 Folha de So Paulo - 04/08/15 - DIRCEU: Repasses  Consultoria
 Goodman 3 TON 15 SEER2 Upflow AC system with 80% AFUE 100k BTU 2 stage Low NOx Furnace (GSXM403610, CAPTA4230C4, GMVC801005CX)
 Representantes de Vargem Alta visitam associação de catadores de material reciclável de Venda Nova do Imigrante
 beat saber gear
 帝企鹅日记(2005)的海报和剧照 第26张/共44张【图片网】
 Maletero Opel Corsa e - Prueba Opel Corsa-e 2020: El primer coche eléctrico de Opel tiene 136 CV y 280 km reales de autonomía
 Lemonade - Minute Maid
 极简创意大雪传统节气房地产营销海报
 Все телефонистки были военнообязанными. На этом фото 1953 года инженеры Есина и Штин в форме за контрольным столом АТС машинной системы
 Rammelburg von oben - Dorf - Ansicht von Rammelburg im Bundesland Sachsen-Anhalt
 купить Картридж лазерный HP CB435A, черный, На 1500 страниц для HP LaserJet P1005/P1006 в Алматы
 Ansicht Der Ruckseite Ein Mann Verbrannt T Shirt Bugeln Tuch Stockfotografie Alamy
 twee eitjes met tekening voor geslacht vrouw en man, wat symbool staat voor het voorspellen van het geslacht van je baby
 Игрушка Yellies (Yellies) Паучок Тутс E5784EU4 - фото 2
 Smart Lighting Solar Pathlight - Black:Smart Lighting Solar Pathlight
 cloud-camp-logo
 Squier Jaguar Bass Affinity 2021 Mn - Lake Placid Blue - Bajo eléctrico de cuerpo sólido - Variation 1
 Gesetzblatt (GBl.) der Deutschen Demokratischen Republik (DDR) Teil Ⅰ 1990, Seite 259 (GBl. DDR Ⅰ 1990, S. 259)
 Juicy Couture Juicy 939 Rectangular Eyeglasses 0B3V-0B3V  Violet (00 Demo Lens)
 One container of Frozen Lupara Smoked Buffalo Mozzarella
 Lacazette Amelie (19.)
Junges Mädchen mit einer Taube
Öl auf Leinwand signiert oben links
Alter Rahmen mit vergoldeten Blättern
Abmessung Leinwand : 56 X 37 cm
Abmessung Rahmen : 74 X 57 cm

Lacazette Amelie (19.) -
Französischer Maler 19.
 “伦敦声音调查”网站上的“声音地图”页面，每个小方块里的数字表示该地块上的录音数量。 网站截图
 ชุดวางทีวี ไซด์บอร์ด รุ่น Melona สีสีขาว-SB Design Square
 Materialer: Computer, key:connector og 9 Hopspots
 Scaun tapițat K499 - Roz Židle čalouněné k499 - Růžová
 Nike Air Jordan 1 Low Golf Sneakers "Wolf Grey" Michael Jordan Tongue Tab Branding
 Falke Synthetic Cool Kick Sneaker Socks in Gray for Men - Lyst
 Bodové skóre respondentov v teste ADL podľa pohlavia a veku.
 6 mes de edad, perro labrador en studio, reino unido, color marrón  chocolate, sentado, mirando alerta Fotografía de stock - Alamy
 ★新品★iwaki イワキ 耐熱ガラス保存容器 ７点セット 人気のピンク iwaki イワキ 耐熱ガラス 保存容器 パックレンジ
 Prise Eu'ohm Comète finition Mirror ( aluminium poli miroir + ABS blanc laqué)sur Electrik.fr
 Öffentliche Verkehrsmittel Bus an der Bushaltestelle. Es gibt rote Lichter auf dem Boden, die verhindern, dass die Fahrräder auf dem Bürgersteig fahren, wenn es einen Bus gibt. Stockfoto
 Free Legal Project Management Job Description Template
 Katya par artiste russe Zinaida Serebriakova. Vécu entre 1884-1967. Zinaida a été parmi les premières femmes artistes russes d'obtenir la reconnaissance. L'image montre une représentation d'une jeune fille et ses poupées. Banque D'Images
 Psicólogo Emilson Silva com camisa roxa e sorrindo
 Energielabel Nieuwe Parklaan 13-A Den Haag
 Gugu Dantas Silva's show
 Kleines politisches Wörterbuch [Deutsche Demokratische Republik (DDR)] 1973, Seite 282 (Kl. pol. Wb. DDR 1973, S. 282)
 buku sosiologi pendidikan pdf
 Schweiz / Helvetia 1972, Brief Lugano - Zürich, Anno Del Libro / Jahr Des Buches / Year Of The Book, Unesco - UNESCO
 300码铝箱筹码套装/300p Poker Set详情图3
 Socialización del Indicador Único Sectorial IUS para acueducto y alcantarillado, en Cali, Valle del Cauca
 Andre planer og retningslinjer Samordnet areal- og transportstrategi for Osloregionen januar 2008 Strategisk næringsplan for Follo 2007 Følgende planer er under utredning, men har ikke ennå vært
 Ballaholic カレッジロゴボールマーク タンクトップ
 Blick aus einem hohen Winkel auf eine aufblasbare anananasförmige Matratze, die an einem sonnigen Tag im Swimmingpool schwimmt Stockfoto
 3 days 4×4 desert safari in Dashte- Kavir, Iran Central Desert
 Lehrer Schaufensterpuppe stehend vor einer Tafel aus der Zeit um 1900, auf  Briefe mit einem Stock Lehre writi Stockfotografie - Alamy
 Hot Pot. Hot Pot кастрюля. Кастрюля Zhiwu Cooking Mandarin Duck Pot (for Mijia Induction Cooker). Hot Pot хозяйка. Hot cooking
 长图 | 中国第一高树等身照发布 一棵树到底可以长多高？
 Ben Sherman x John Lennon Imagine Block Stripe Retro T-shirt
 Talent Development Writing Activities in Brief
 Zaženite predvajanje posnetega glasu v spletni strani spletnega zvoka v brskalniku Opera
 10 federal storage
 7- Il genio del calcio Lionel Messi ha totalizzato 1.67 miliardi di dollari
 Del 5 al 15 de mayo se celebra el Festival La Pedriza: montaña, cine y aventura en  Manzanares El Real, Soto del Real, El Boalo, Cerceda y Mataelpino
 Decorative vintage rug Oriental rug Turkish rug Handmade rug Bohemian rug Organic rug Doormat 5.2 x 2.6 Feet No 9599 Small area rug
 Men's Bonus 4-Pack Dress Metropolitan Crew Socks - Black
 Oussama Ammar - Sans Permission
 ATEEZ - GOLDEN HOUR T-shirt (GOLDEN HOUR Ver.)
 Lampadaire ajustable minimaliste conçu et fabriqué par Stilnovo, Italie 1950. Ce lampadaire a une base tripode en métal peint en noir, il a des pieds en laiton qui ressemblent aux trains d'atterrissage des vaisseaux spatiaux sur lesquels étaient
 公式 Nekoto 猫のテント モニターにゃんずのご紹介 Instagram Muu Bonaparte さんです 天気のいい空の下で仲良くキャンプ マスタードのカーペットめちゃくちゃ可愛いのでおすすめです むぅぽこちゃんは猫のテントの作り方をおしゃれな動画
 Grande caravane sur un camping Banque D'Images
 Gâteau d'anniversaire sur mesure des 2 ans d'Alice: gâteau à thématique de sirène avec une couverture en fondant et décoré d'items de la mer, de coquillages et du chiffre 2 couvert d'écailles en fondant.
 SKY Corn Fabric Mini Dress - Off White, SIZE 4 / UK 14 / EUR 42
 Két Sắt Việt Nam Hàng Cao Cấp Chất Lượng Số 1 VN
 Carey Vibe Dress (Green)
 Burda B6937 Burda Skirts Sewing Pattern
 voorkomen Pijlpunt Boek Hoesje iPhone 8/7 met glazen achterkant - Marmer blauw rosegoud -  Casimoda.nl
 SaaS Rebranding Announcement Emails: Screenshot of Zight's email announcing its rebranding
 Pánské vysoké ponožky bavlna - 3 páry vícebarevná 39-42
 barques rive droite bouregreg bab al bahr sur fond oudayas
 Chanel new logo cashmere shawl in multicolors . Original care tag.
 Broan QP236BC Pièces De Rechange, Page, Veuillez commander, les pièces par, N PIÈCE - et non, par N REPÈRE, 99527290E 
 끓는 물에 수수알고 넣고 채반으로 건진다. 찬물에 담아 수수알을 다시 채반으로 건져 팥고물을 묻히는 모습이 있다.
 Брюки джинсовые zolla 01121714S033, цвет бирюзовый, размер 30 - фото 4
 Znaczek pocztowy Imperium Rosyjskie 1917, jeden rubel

=-=-=-=-=

- [Work to complete] Copy every line from the records that holds the string "oben".

- [Completed task]
 Rammelburg von oben - Dorf - Ansicht von Rammelburg im Bundesland Sachsen-Anhalt
Öl auf Leinwand signiert oben links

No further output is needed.